O ministro Admar Gonzaga, do Tribunal Superior Eleitoral (TSE), teria pedido para o advogado Alexandre Luiz Amorim Falaschi contratar um investigador particular para seguir sua mulher, Élida Souza Matos, de acordo com depoimento prestado pelo próprio advogado na Delegacia Especial de Atendimento à Mulher (DEAM) de Brasília.

(…) No mês passado, ela registrou um boletim de ocorrência acusando o ministro de agredí-la, mas depois retirou a queixa.

Já o advogado relatou que Admar Gonzaga pediu para ele contratar um investigador particular para “levantar informações sobre a rotina” de sua mulher, durante o período de 1 a 17 de julho, quando ele estaria ausente.

(…)

O episódio começou a ser investigado após Élida prestar depoimento na 10ª DP de Brasília, no dia 14 de julho, depois suspeitar que estava sendo seguida. Ela relatou seis ocasiões em que achou que estava sendo seguida, por dois carros diferentes.

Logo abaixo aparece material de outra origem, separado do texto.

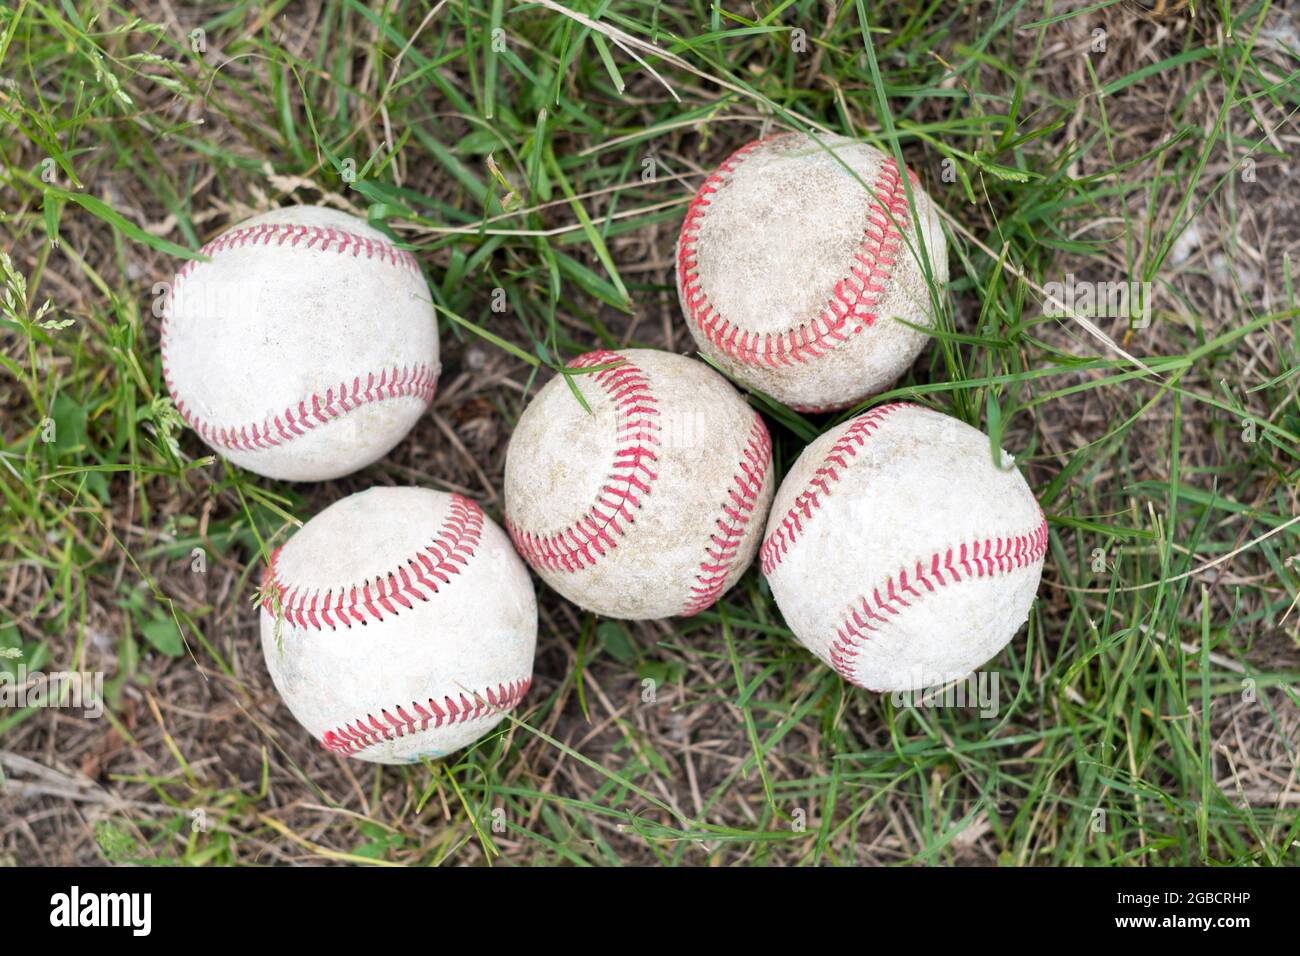 Primo piano baseballs usati su campo verde erba, concetto sportivo Foto Stock

Após desconfiar que estava sendo monitorada, ela levou seu carro a uma oficina mecânica, e descobriu que havia uma “caixa metálica prateada” na parte inferior do assoalho do veículo, presa por imãs.

Depois da ocorrência ter sido registrada, o carro foi enviado para o Instituto de Criminalística, e um laudo constatou que a caixa era um rastreador.

No dia 18 de julho, quatro dias depois de Élida registrar o caso, o detetive particular Ailton Francisco Ferreira prestou depoimento espontaneamente na DEAM. Ele afirmou que o advogado Alexandre Luiz Amorim Falaschi o contratou para seguir Élida a pedido de um cliente, sem especificar quem era.

Ele afirmou que decidiu instalar o GPS após ter percebido que a mulher do ministro desconfiava que estava sendo seguida.

Ailton ainda apresentou o contrato firmado com o advogado, que estabelecia que ele deveria fornecer “de maneira diária, o itinerário da pessoa a ser acompanhada”, e que ele receberia R$ 10 mil pelo serviço.